Pursuit of pilot or experimental programs like battery storage, system-wide AMI deployment, and other technology deployments to improve operations and oversight at the distribution level.

Special riders targeting infrastructure replacement, particularly true for gas utilities to replace existing cast iron pipes and steel mains.

It is important to note that this list does not include any of the modifications to energy regulations that the Trump Administration has implemented either through Executive Order or proposed through legislative solutions. These modifications include repealing many of the regulations enacted under previous administrations, eliminating the production and/or investment tax credit for wind and solar resources, pre-empting state laws relating to renewable portfolio standards, and other policies that promote renewable resources, could have a significant impact on utilities. Given these potential impacts, it is a safe assumption that state regulatory commissions will continue to desire some degree of oversight, either through rate cases or other regulatory mechanisms, over how utilities will respond to potential changes in federal laws/regulations.

As a result, based on our experience, many utilities have or will soon be hitting the perfect storm when it comes to preparing and filing rate cases. Utilities will likely be filing rate cases more frequently, and the rate cases will be more complex. In many instances, the people preparing the rate cases may not have the necessary resources or skills. To overcome these obstacles, utilities will need to focus on the “fundamentals” to help ensure a favorable outcome

Focusing on the Fundamentals

Many of you probably remember your high school coach, whatever sport in which you participated, telling you to “focus on the fundamentals.” Improving the basic kicking, throwing, or catching skills applicable to your chosen sport was a precursor to winning games. Often in business, the American Football analogy of “blocking and tackling” is used to describe basic, simple, or mundane tasks associated with a larger effort. This characterization is unfortunate because anybody with knowledge of football understands that a team will not be successful (i.e., score a touchdown/field goal or stop an opponent from scoring) if it cannot block and tackle effectively. The need to focus on fundamentals is also true when filing a rate case. These fundamentals include:

  • Developing a comprehensive work plan and providing the necessary support to ensure adherence to the plan.

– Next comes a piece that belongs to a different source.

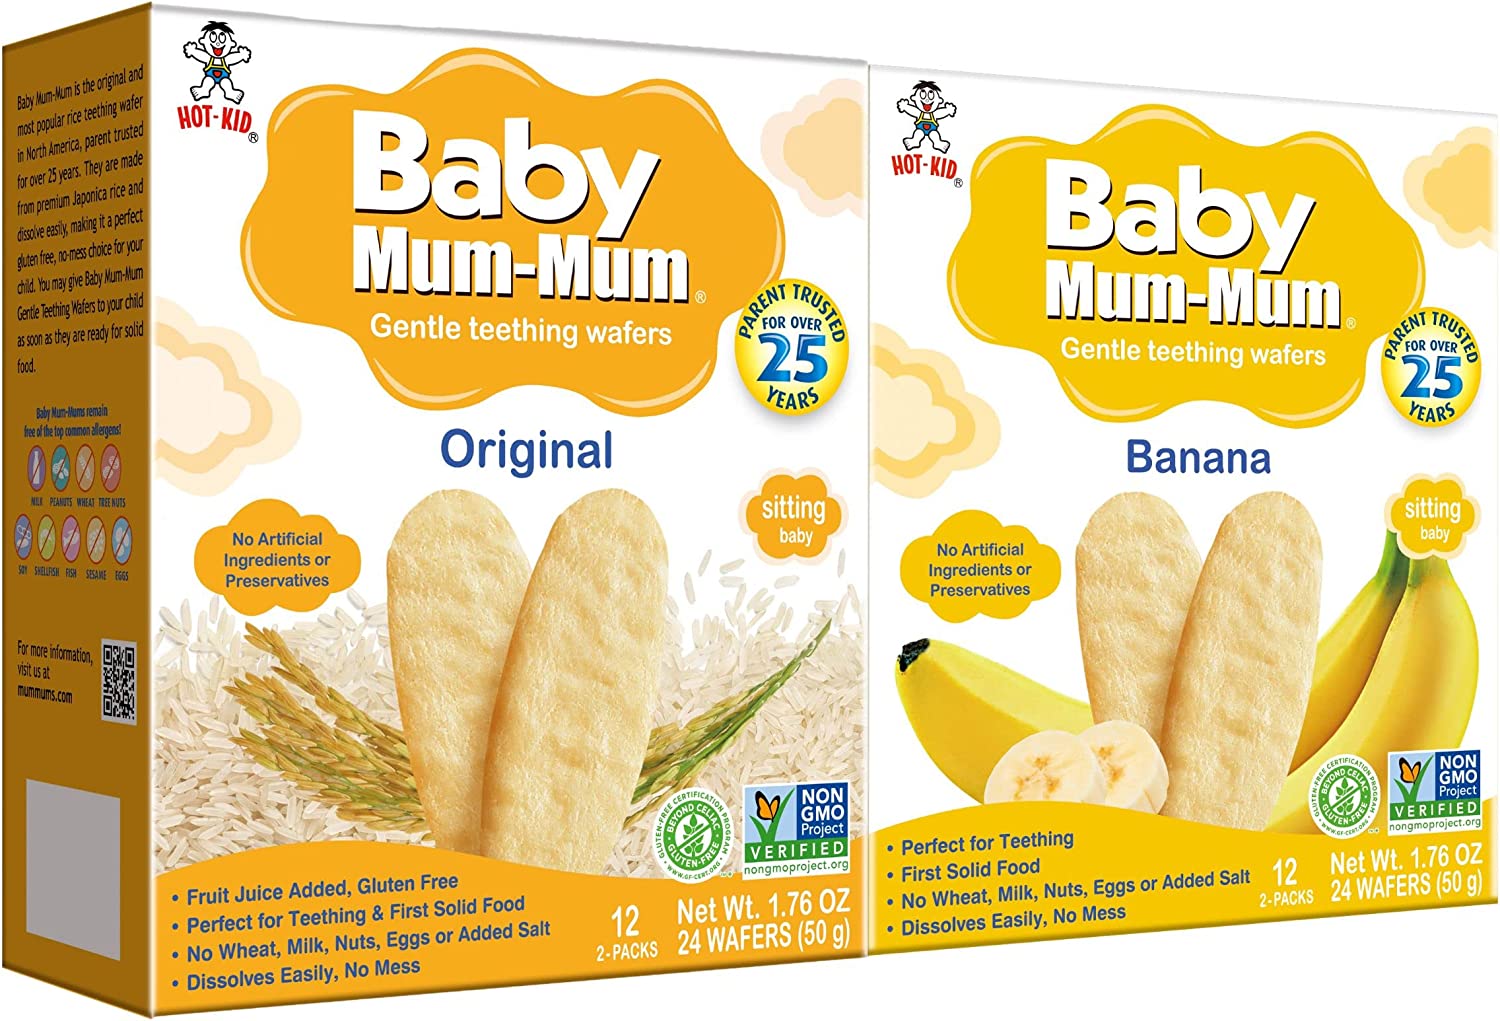 Baby Mum-Mum Rice Rusks, 2 Flavor Variety Pack, 24 Pieces (Pack of 4) 2 Each: Banana, Original Gluten Free, Allergen Free, Non-GMO, Rice Teether Cookie for Teething Infants

The work plan typically involves thinking through all of the activities required to complete the rate case, and the dates by which they should be completed, including an appropriate timeline that provides adequate flexibility to allow for unexpected issues, supporting analysis, and legal and management review and approval;
  • Ensuring that strategic themes are formalized and agreed upon early in the case and approved by senior management. These themes could be pursued in the case or simply introduced in the case to lay the groundwork for discussion in a separate forum;
  • Determining which functional areas will be engaged in developing the rate case and ensuring that everyone understands their role/responsibilities and what is expected from them for the rate case;
  • Identifying the witnesses who will be responsible for writing direct testimony and ensuring that their testimony is tailored to address the strategic themes of the case. For newer witnesses, this often requires educating the individual(s) on the rate case process and providing assistance outlining and drafting testimony;
  • Establishing a process with which to manage the substantial amount of data and documents that are included in the rate case filing to ensure version control is maintained throughout the drafting, review, and approval process. While often overlooked, this should also include establishing an issues/actions/decisions log that tracks all outstanding issues as well as decisions that have been made to date; and
  • Setting a meeting cadence that ensures the multitude of individuals involved in developing the case are on the same page in terms of strategic themes, timelines/due dates, etc., and having a forum to discuss and resolve outstanding issues. This also includes establishing a process to ensure members of senior management are aware of the specific case components so they are able to think strategically about how the case could impact other parts of the business.

Why Is This Important?

Given all that utility personnel have on their plate during the rate case process, often times these “fundamentals” are overlooked. Unfortunately, failure to develop and adhere to a proper work plan, establish strategic priorities, clearly outline roles and responsibilities, keep everyone informed of progress through regular meetings, etc., can lead to significant difficulties later in the process. Having a team and process in place that will support the filing of the rate case in a timely manner is of significant importance to a utility. Given that the purpose of most rate case filings is to increase the revenue requirement, the faster and more complete a rate case can be filed, the faster it may move through the process, and, if approved, the faster the rate increase will be implemented. Filing a rate case that lacks sufficient detail(s) or contains analytical or logical errors, cannot be well argued, etc., creates the risk of a less favorable rate case outcome

Are Missouri’s Renewable Energy Standards Outdated?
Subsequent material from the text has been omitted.